# Happy Birthday JOETHECROW!!!



## cowseatmaize (Jul 25, 2013)

I know there is a decree but what the heck.[][] 
HERE

 Happy Birthday!!!


----------



## peejrey (Jul 25, 2013)

Best wishes to you today Joe!
 Happy Birthday!!!
 _Preston


----------



## epackage (Jul 25, 2013)

Happy Birthday Joe...


----------



## RED Matthews (Jul 25, 2013)

Hi  I am glad for you.  I recently had my 84th, so you better keep them coming.  Glad we had the time together at Corning.  Have a Happy One.  RED Matthews


----------



## cyberdigger (Jul 25, 2013)

Best wishes Joe..! []


----------



## surfaceone (Jul 25, 2013)

Happy Birthday Joe!


----------



## Dugout (Jul 25, 2013)

Happy Birthday Joe and here's hoping more good digging comes your way!


----------



## myersdiggers1998 (Jul 25, 2013)

Have a good one Joe.


----------



## mr.fred (Jul 25, 2013)

It's a Day early Joe!----so you get 2 this year[]  Have a great 1 Joe[]


----------



## bostaurus (Jul 25, 2013)

A very happy birthday!!!


----------



## andy volkerts (Jul 25, 2013)

Happy birthday Joe!!


----------



## ktbi (Jul 25, 2013)

Happy Birthday Joe.
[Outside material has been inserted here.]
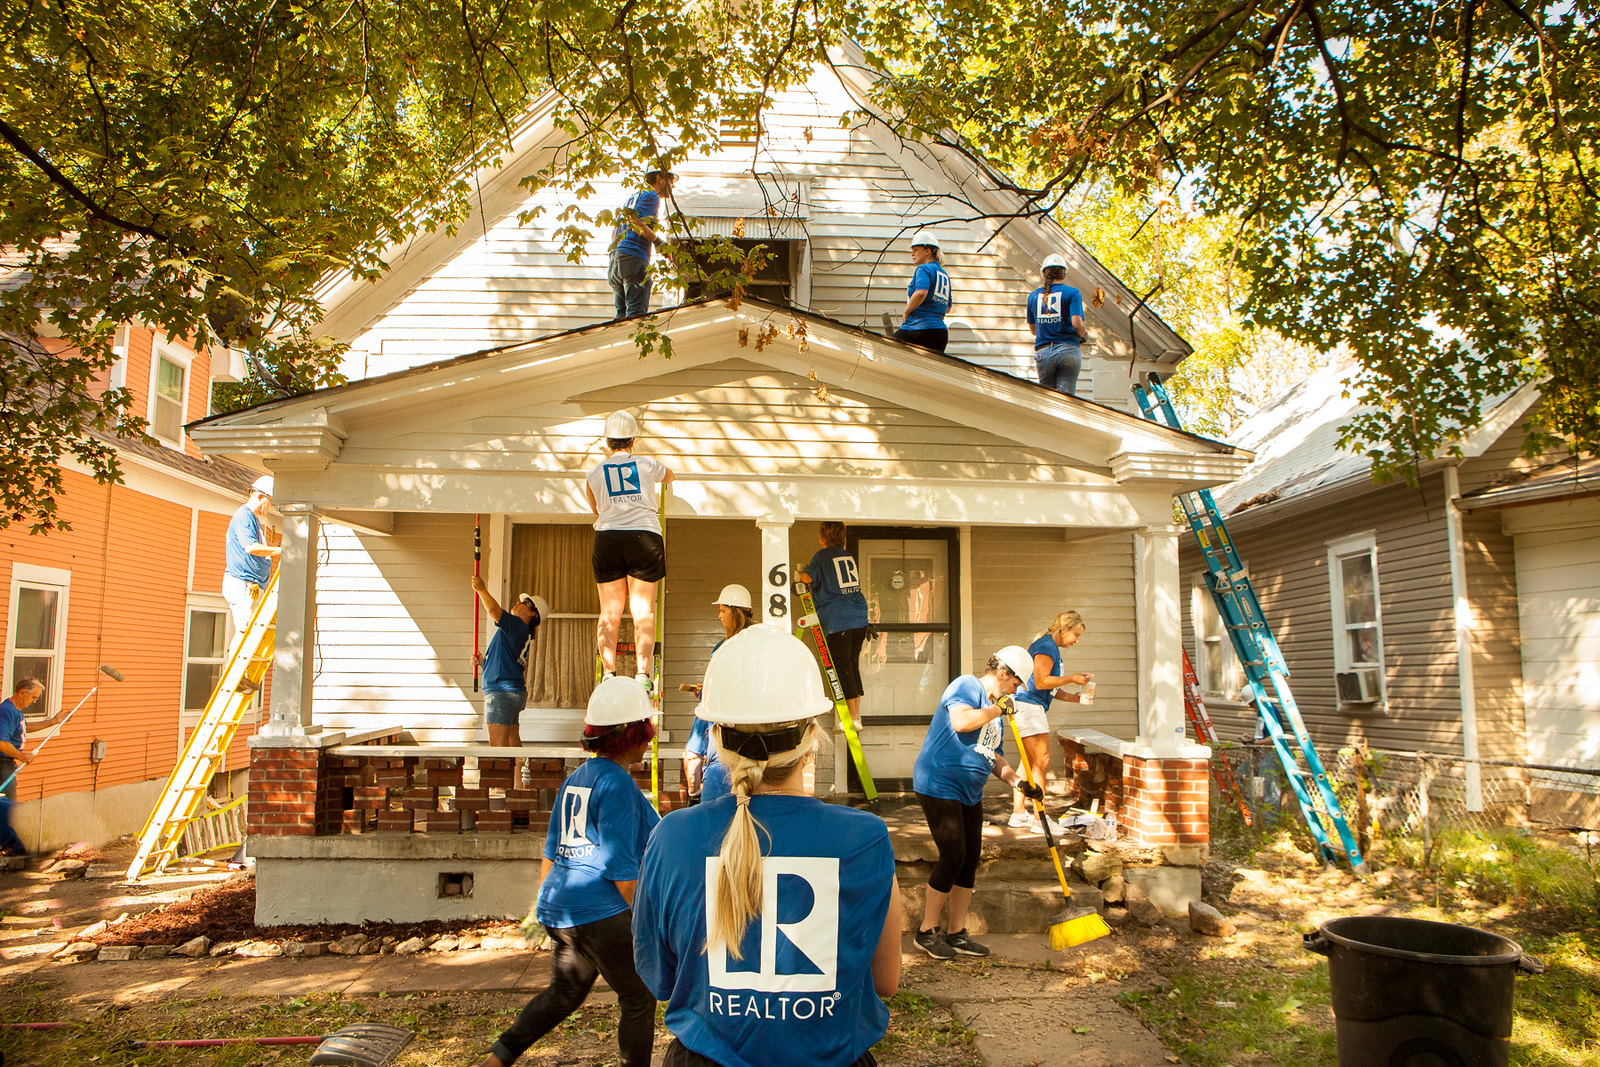 REALTORS working on a home at the 2019 REALTORS Rock the Block event.

You are the best and proud to call you my friend. Happy Digging....Ron


----------



## Jim (Jul 26, 2013)

Happy birthday, Joe!


----------



## Road Dog (Jul 26, 2013)

Happy Birthday!


----------



## beendiggin (Jul 26, 2013)

hope it was a good one!


----------



## blobbottlebob (Jul 26, 2013)

Happy Birthday Joe. Hope you get the chance to get out and dig today.


----------



## Dugout (Jul 26, 2013)

Happy Birthday on the correct birthday day Joe. Have a good one.!


----------



## tftfan (Jul 26, 2013)

[]


----------



## cobaltbot (Jul 26, 2013)

Happy Birthday Brotha!   I see bottles in your future......


----------



## JOETHECROW (Jul 27, 2013)

HEY!! Thank you all for the birthday wishs!! It still means a lot, and hopefully will have a good old fashioned adventure to post....so overdue! Love you all man!  (P.S. Now I can go get my senior discounts...LoL!)


----------



## Rockhounder55 (Jul 27, 2013)

HAPPY BIRTHDAY, JOE!!!! []


----------



## Penn Digger (Jul 28, 2013)

I already wished you a happy one on the phone but the same goes here. Hope it was swell. Many thanks for getting me in to this sick, addictive hobby. We have had many great adventures/digs together over the years. Hope there is many more to come!!!

 PD


----------



## glass man (Jul 31, 2013)

HOPE IT WAS A GREAT ONE JOE MAN!! JAMIE


----------



## RICKJJ59W (Jul 31, 2013)

HAPPY BIRTHDAY JOE DA CROW[]


----------



## Stardust (Aug 6, 2013)

Joe,
 I haven't been around for a while. Sorry I missed your birthday
 and all the other summer birthdays of the members. Hope all is well and hope you do enjoy that senior discount. Enjoy each and every day!!!!
 stardust


----------